Jollibee Foods Corporation


International Expansion

Submitted By: Marakani V S Yogesh (87) Md. Zafar Imran (90) Neha Srivastava (100) Nidhi Didwania (101) Noufeera Ashraf (105)

Executive Summary
This report is an attempt to analyze the case of Jollibee Foods Corporation (A) International Expansion. In this study we have first analyzed the case background so that we understand the scheme of things. In this section we have laid emphasis on the inception of Jollibee Foods Corporation, their expansion in various countries like Singapore, Honk Kong, Brunei, Taiwan, Indonesia, California etc. Further we have discussed the Strengths, Weaknesses, Opportunities and Threats to Jollibee in the fast food industry. We have dealt with different problems like the management issues, the market issues, business expertise, financial resources, inventory management etc. This would help in better understanding of Jollibees present condition and future sustainability in the modern and fast changing business world. After the SWOT analysis we identified certain issues with Jollibee which concerned the Management, business, expansion etc.

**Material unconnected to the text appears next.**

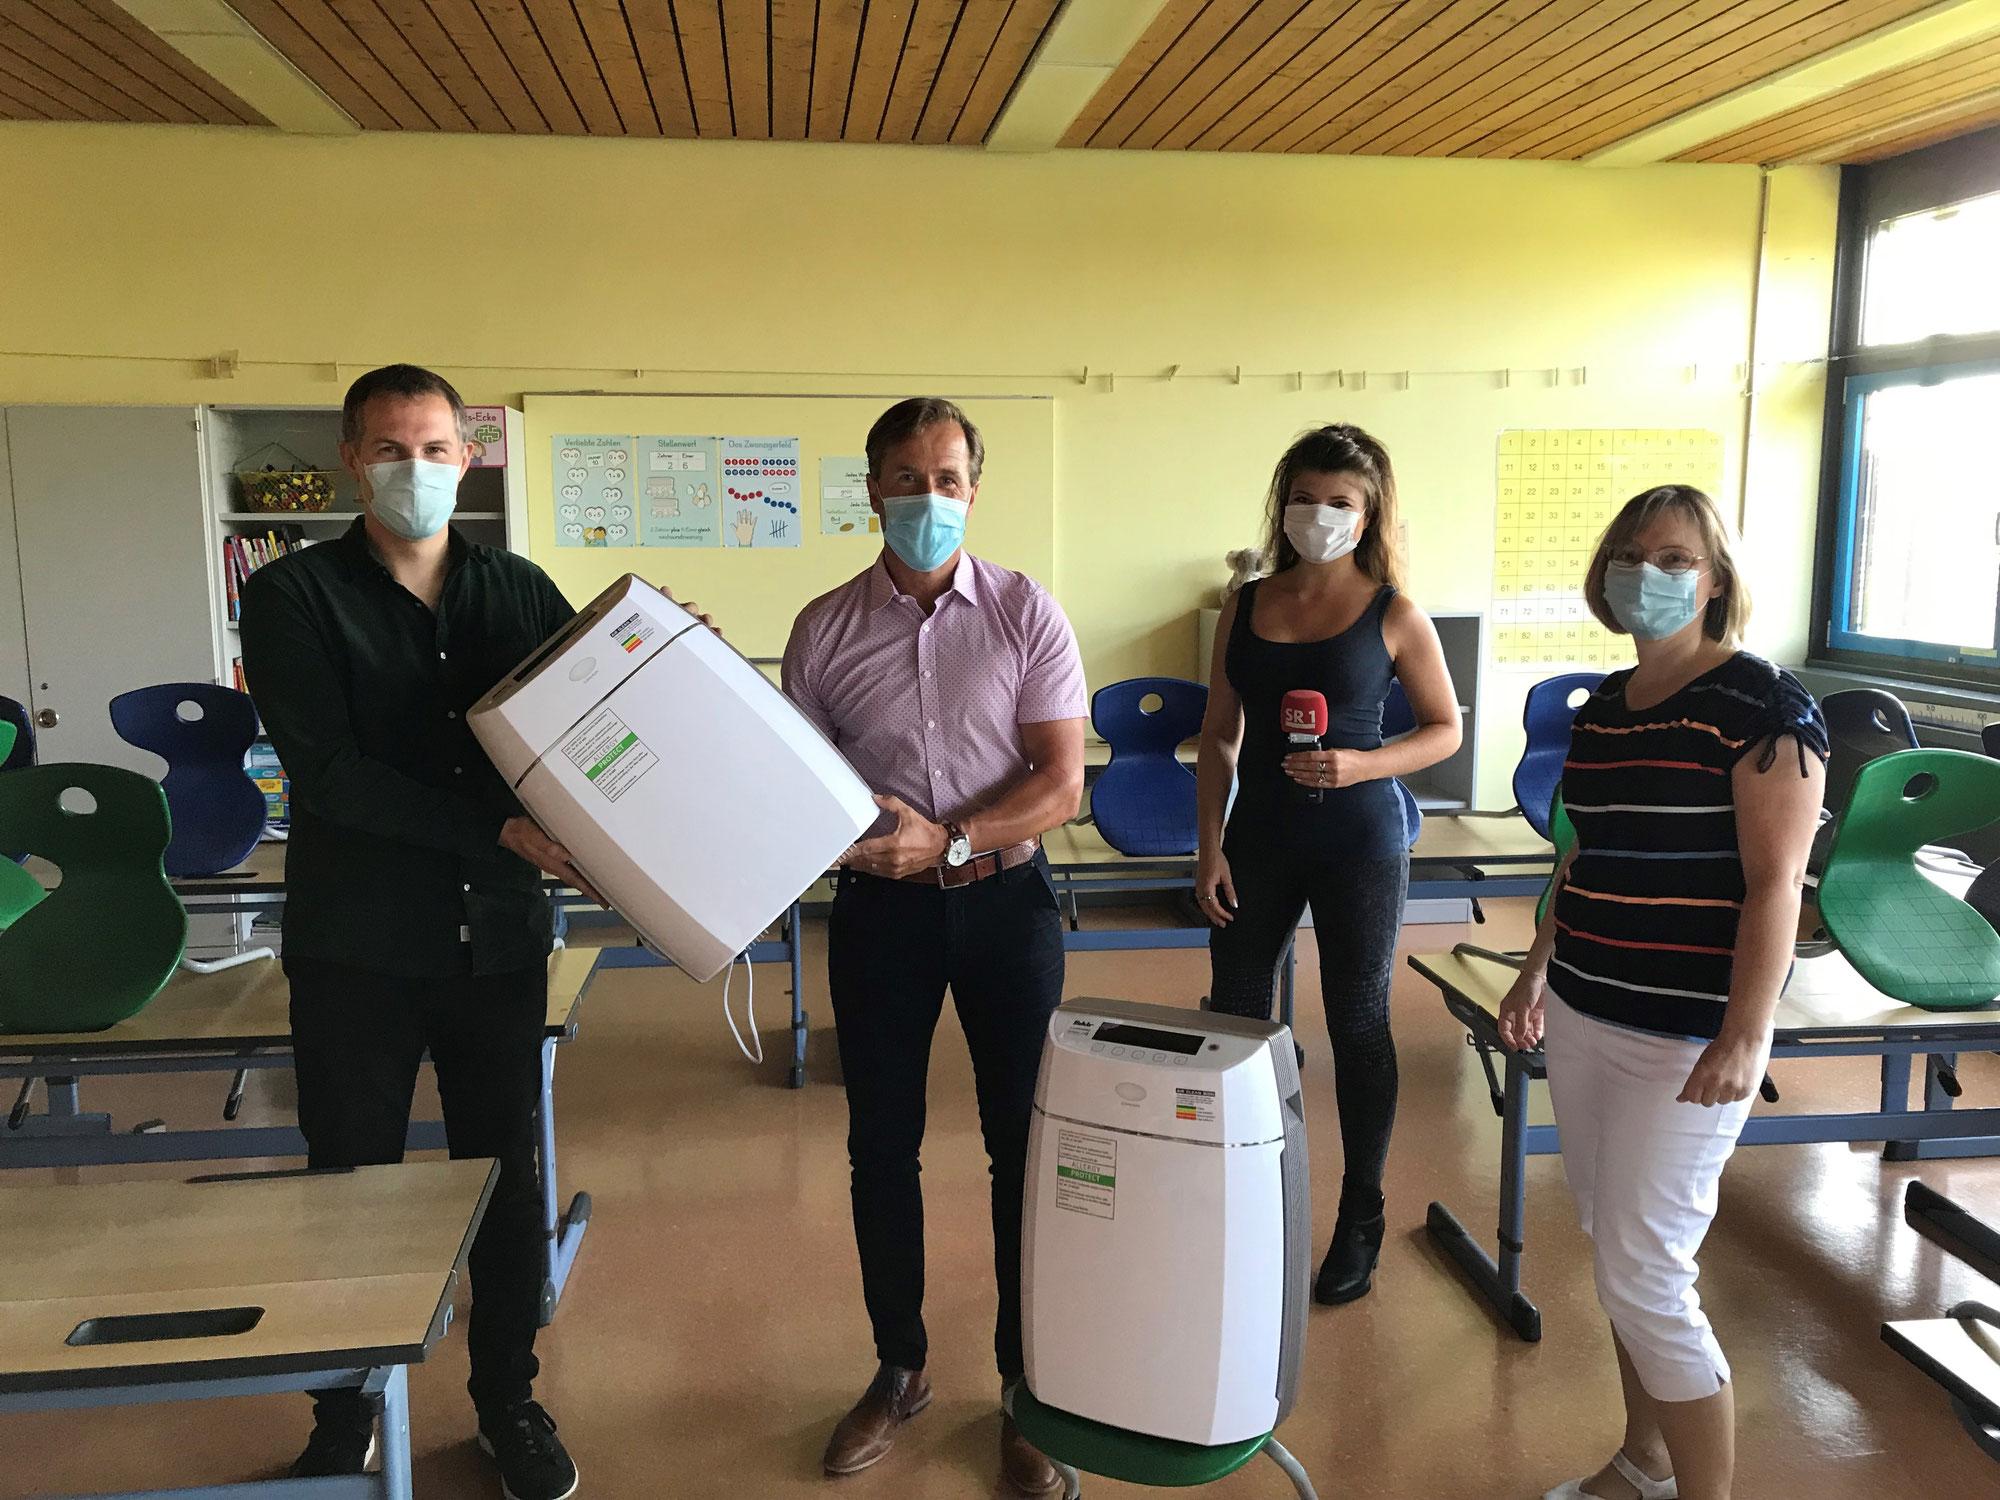 Luftreinigungsgeräte erhalten

There were issues like improper utilization of financial resources, lack of promotional campaigns, communication gap between the different wings of Jollibee and between the Management and the employees. Keeping in mind these issues we have come up with a few recommendations. We have discussed them through Human Resource, Marketing, Financial and Operations perspective. Then we have discussed the Strategic decisions with regards to expansion in the future in California, Hong Kong and Papua New Guinea. We have studied various pros and cons of expansion in each of the above mentioned countries and reached the conclusion that California is the most favorable location. The reasons for the location being that there is a huge Philippine population in Dale City of California which will help in the establishment of the store. Also they have successfully catered to the taste buds of the people in Guam which will help them serve the Americans better and thus the expansion could be a success. Later we have conversed about the implementation plan and how to go about it. At the end of the document we have attached appendix for the readers facilitation. It contains certain tables and graphs for better understanding of the financials of Jollibee Food Corporation.

Business Landscape:
Company History; Jollibee Food Corporation began as an Ice- cream parlour in the year 1975 and was run by the Chinese Filipino Tan Family. But later they diversified in to sandwiches when the 1977 oil crisis occurred and the President Tony Tan Caktiong (TTC) expected the ice cream prices to soar. The hamburger recipe developed Tonys father who was a chef also became famous and a year later they opened five store in Manila, where the family incorporated as Jollibee Food Corporation. Friendliness pervaded the organisation and become one of the Five Fs that summed up Jollibees philosophy. The others were flavorful food, a fun atmosphere, flexibility in catering to customer needs and a focus on families. Background: Until 1981 it was a smooth sailing for Jollibee, but then came Mc Donalds to Philippines. But the group was fearless and had confidence in the spicy taste of their Hamburger which appealed to the Philippine customers. Slowly Jollibee forayed in to the foreign markets and began with its investment in Singapore in 1985 in 1988 with the help of some family friends. Their next venture was in Taiwan again with the help of family acquaintance, but this also did not last long and the transaction came to an end on the basis of distrust between the local manager and Jollibee management in 1988. Brunei was another joint venture that they entered into in 1987 August. Then they forayed in to the Indonesian Market in the year 1989, opening a store in Jakarta but due to conflicts with the local manager again this store also had to be closed down. In 1994 the International Division was created with Tony Kitchner, as the Vice President. Kitchner went about differentiating the International Division from the Philippine part of Jollibee and tried to create a more formal culture for the division. Kitchners strategy rested on two themes: 1) Targeting expats 2) Planting the Flag But as the international business grew, the relation between the International Division and the Philippine operations started turning sour.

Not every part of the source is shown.